▶ [WHAT YOU SHOULD DO] Of the entries below, return only those lines from the line with "NZA Poloshirt Blake" to the line with "Imagem: Acervo e", exactly, both included.

▶ [RECORDS SUPPLIED]
----------------------------------------
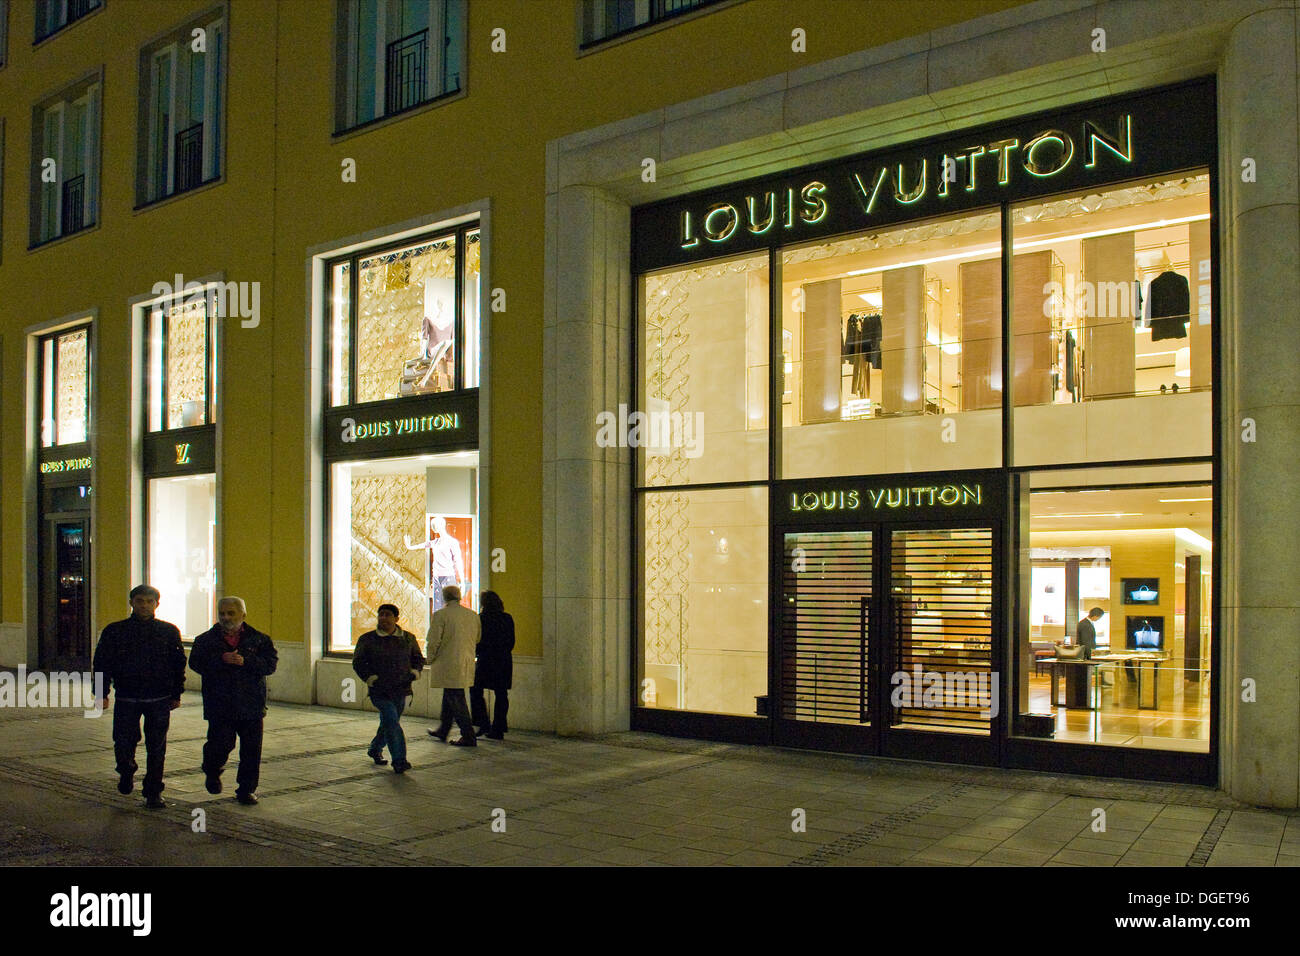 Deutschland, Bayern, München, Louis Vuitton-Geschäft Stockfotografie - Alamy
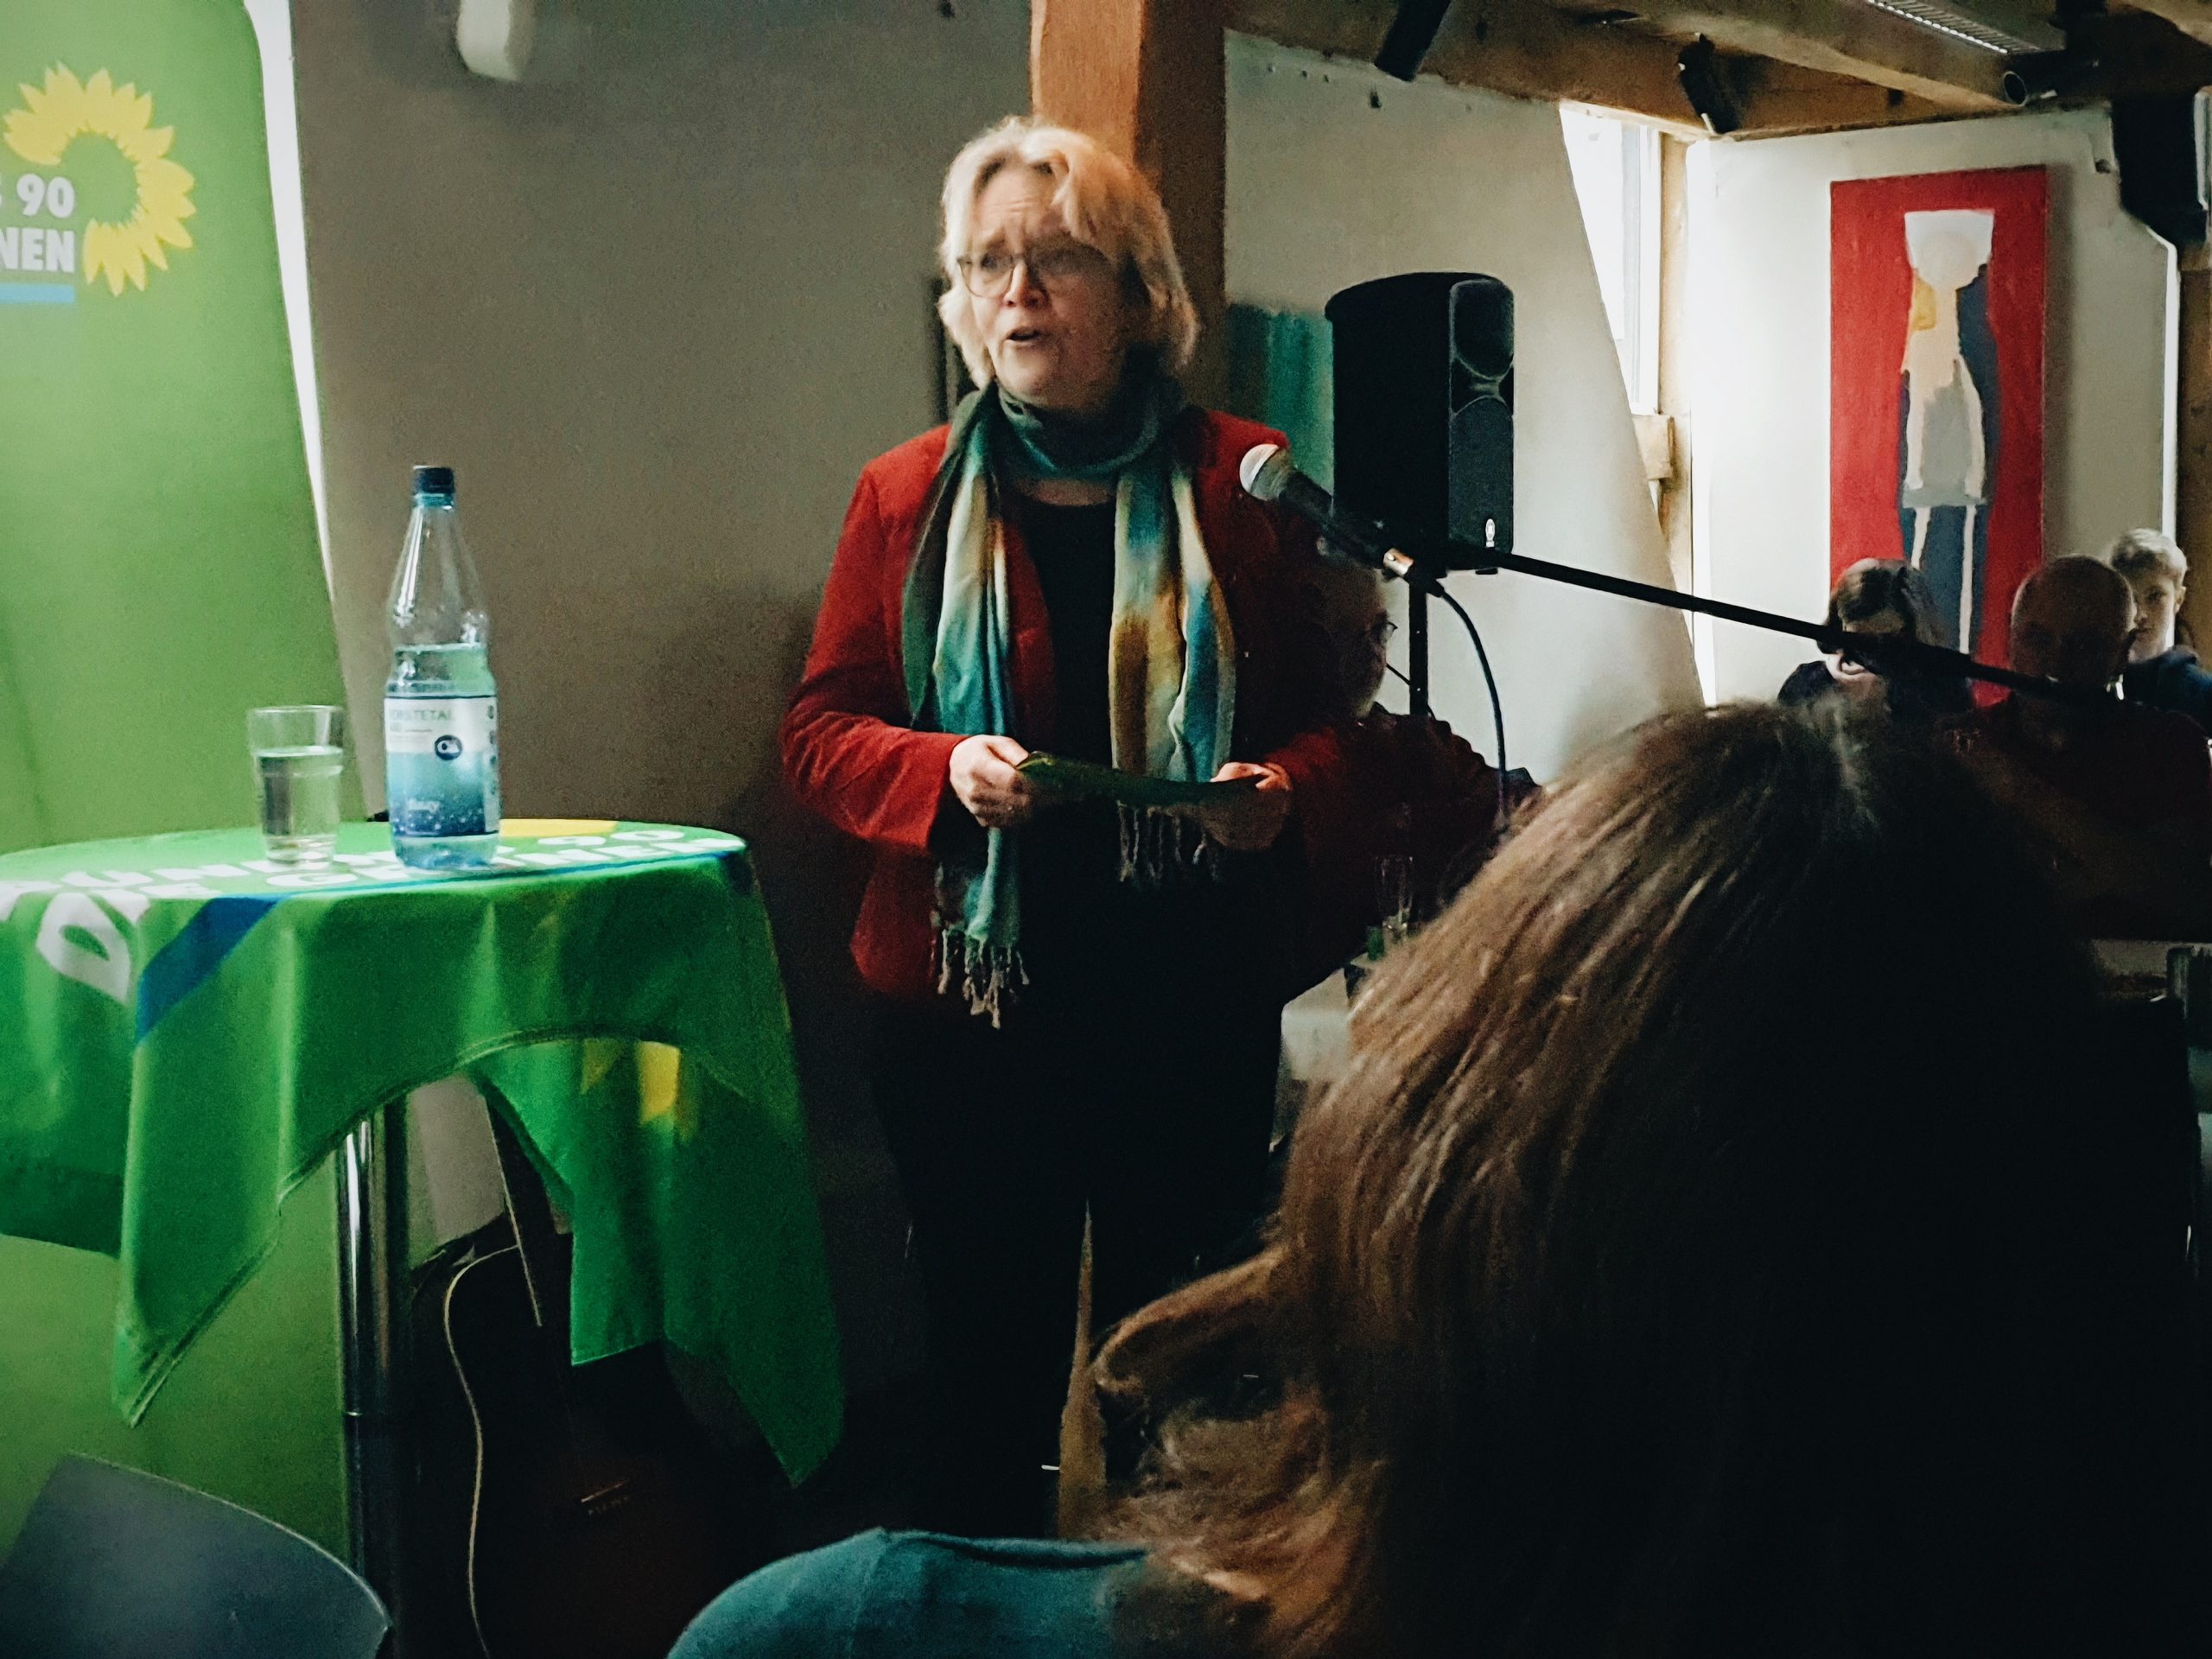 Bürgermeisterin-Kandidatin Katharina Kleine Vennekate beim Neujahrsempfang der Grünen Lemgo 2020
----------------------------------------
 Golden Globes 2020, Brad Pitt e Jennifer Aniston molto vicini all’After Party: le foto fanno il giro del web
----------------------------------------
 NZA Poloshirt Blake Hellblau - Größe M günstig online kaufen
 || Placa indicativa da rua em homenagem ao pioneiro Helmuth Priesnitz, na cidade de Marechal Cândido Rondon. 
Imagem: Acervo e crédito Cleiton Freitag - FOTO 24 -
----------------------------------------
▶ [EXERCISE OUTPUT]
 NZA Poloshirt Blake Hellblau - Größe M günstig online kaufen
 || Placa indicativa da rua em homenagem ao pioneiro Helmuth Priesnitz, na cidade de Marechal Cândido Rondon. 
Imagem: Acervo e crédito Cleiton Freitag - FOTO 24 -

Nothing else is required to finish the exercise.